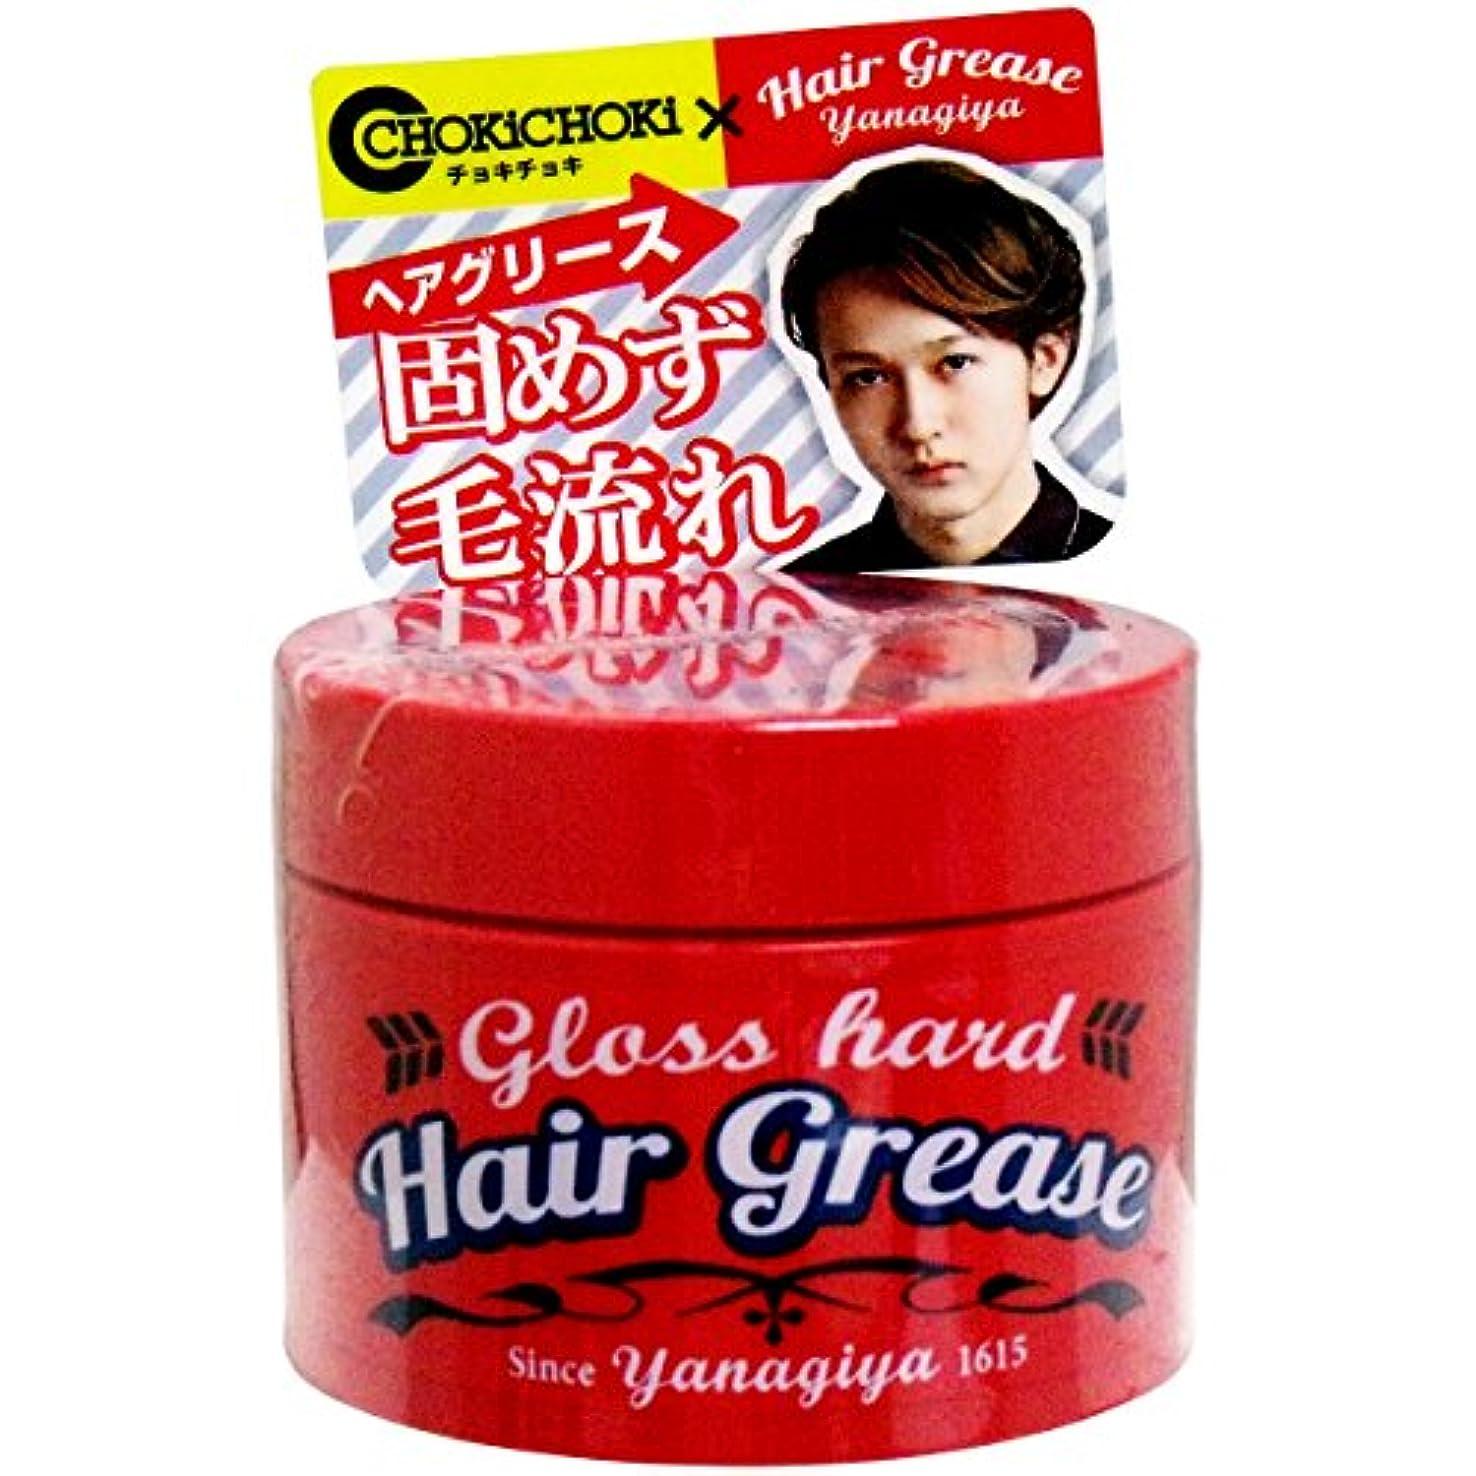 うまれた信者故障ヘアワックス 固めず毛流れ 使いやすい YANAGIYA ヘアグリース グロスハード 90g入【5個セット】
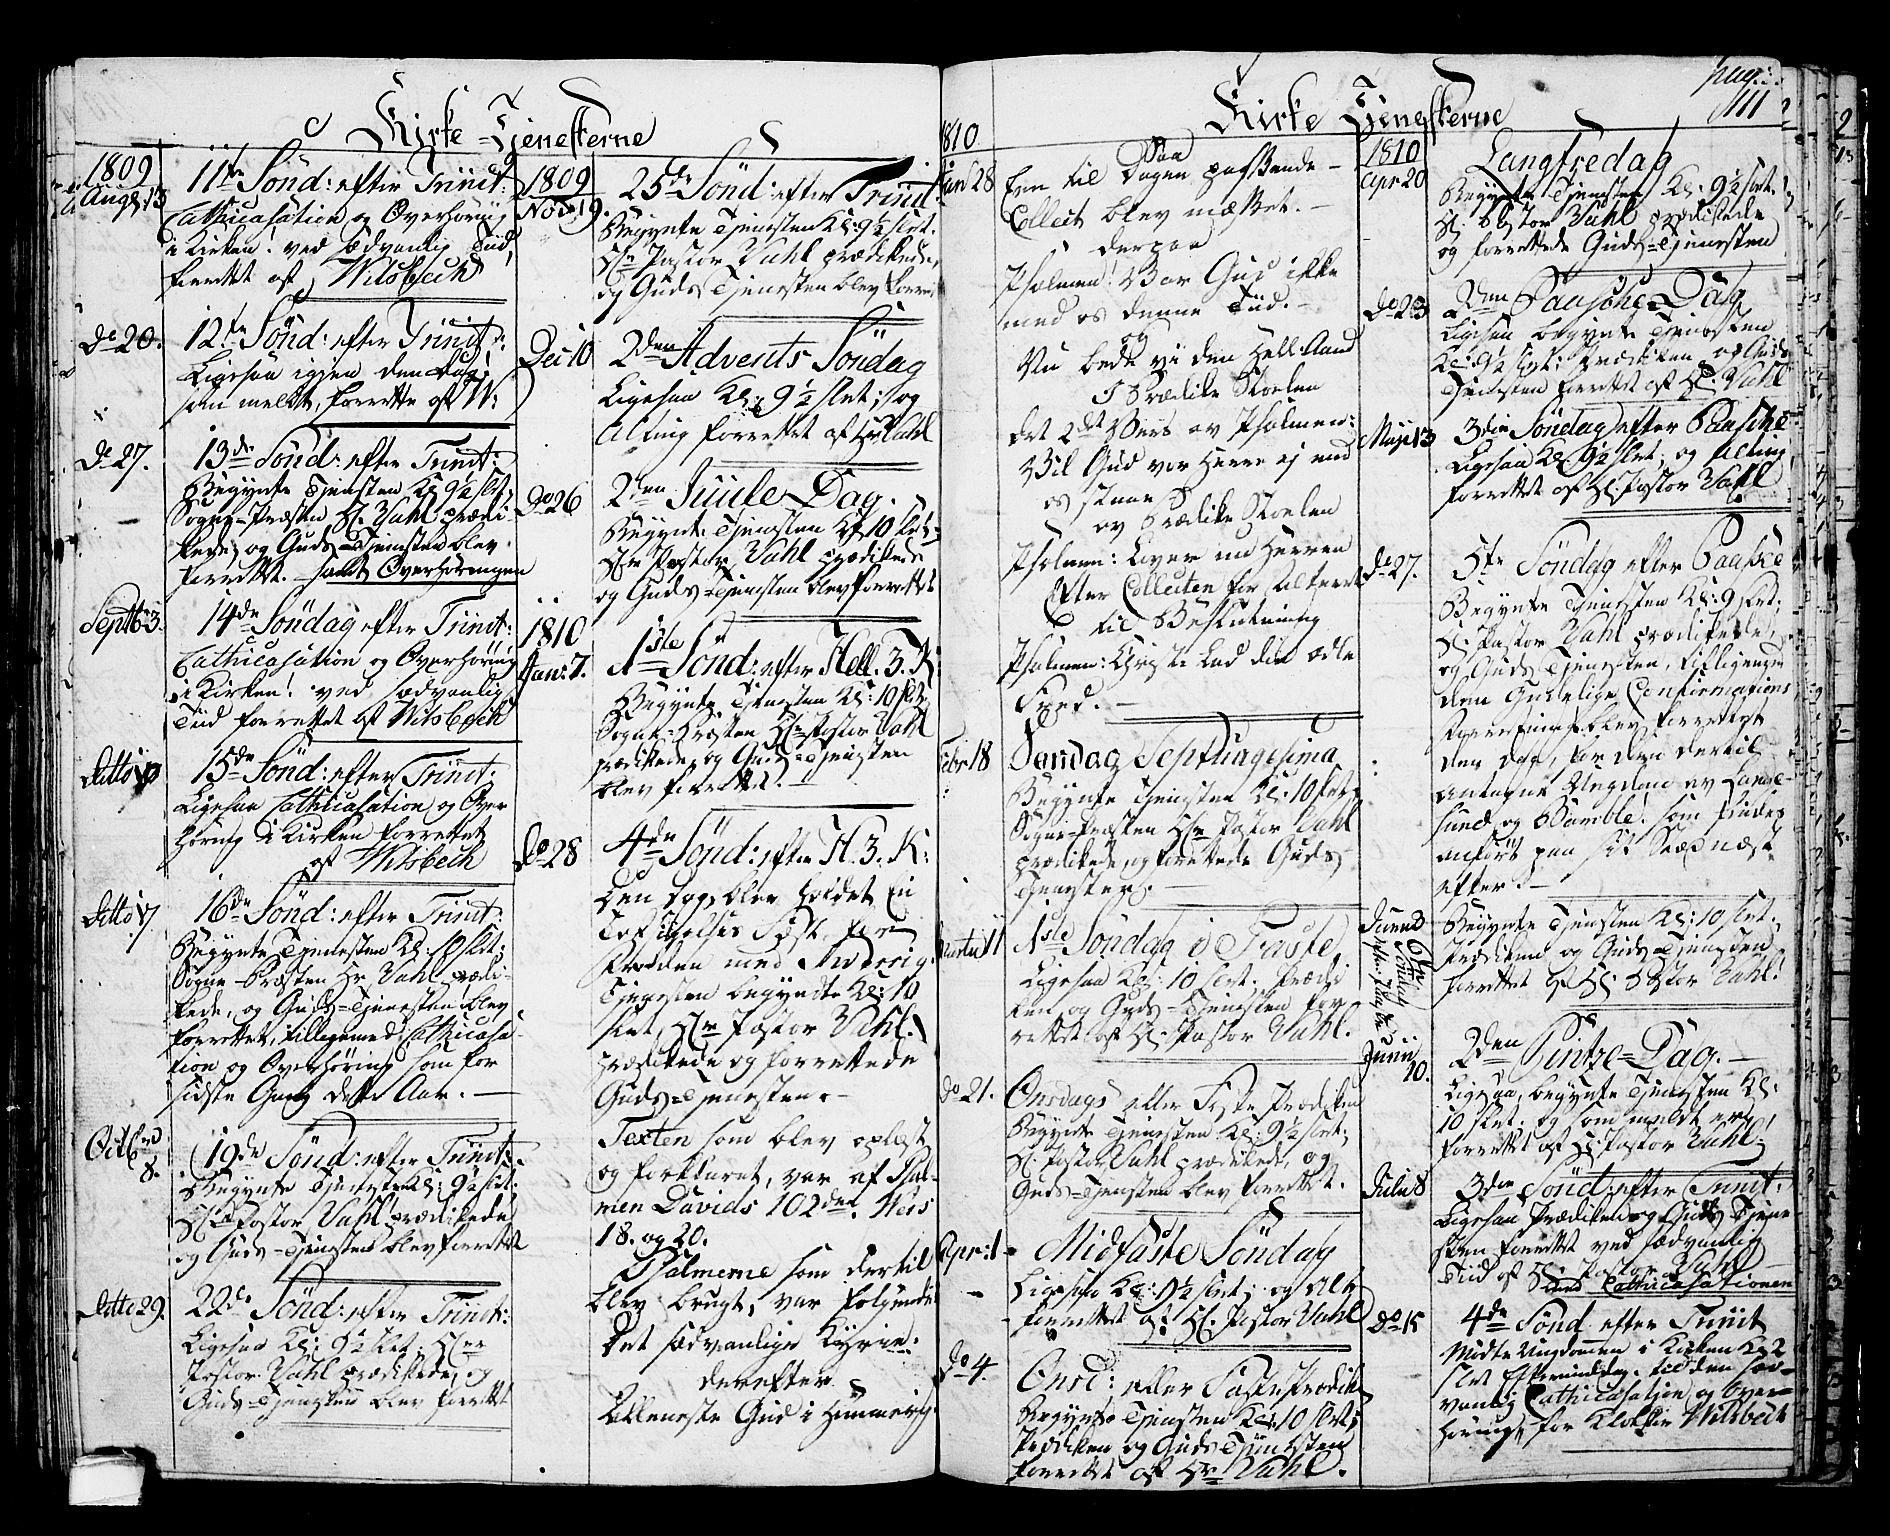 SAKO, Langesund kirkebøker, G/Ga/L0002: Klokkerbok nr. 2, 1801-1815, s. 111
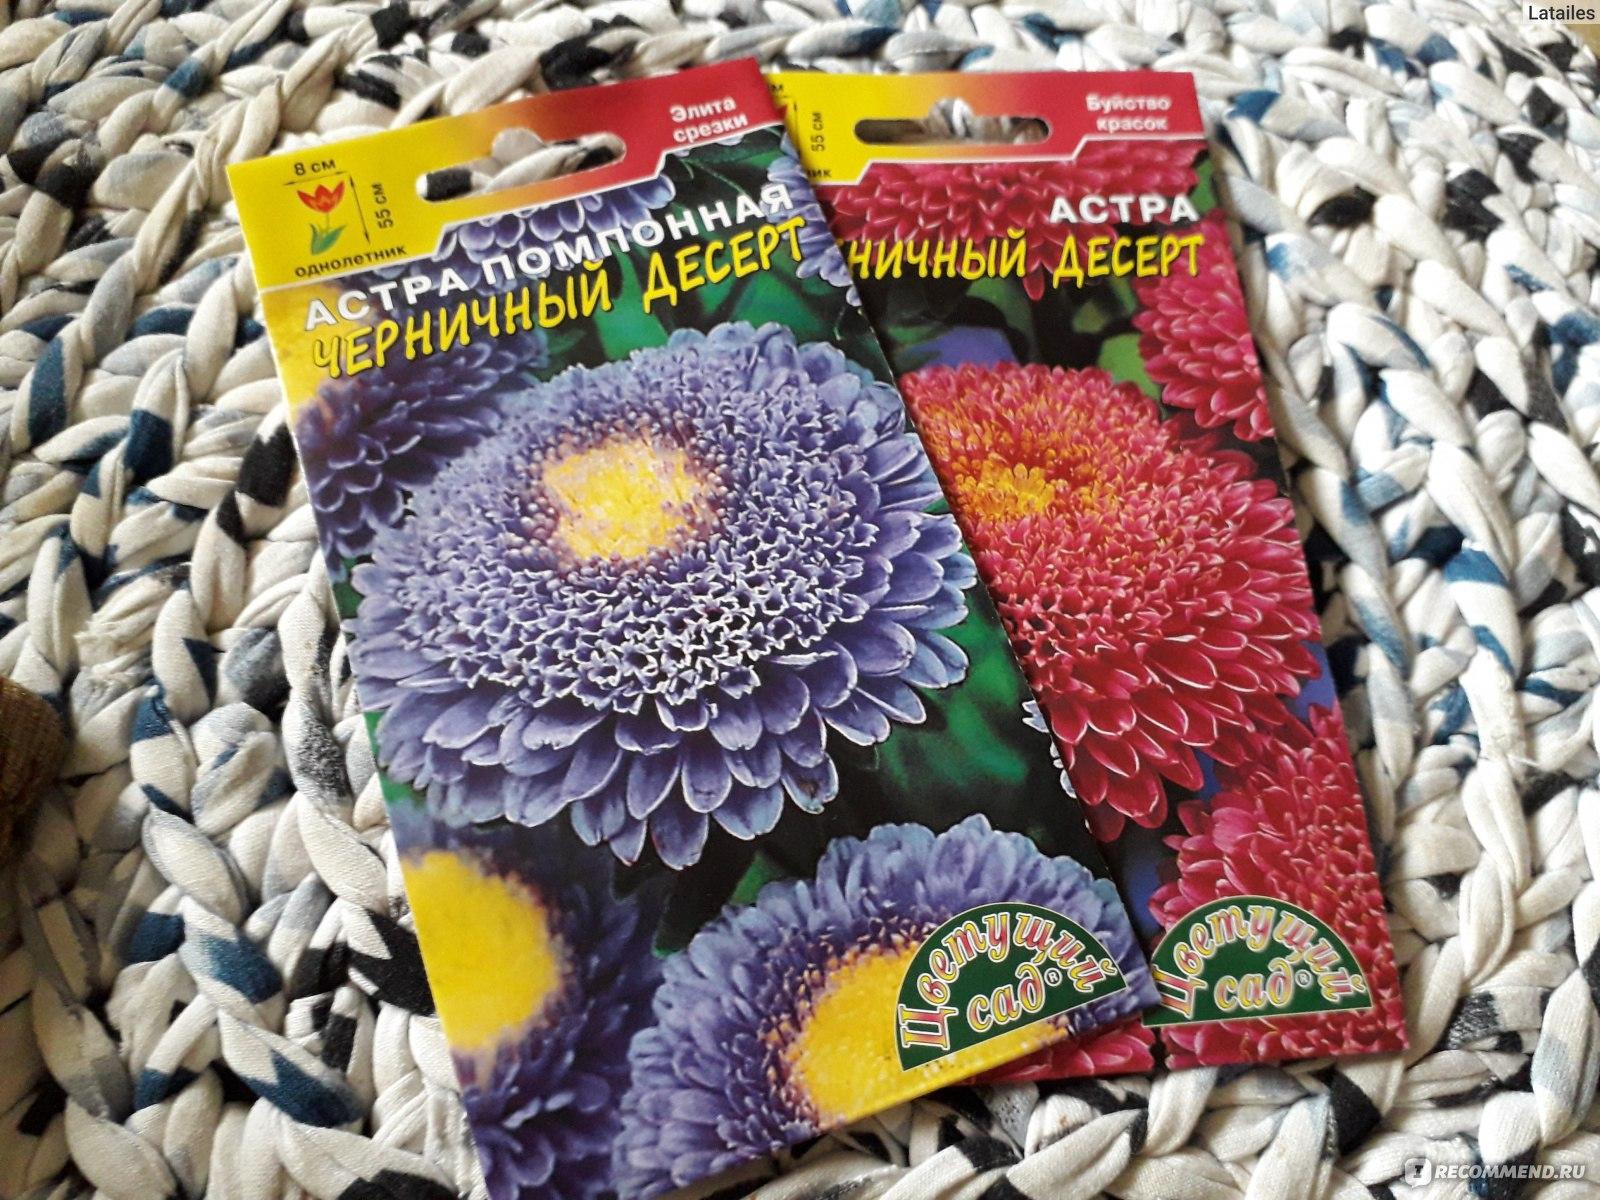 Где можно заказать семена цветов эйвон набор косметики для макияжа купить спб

+-------+

→ **WORK TO BE COMPLETED**:
Ignore the images and quote every line of the listing exactly.

→ **YOUR RESPONSE**:
 うまれた信者故障ヘアワックス 固めず毛流れ 使いやすい YANAGIYA ヘアグリース グロスハード 90g入【5個セット】
 SAKO, Langesund kirkebøker, G/Ga/L0002: Klokkerbok nr. 2, 1801-1815, s. 111
 Где можно заказать семена цветов эйвон набор косметики для макияжа купить спб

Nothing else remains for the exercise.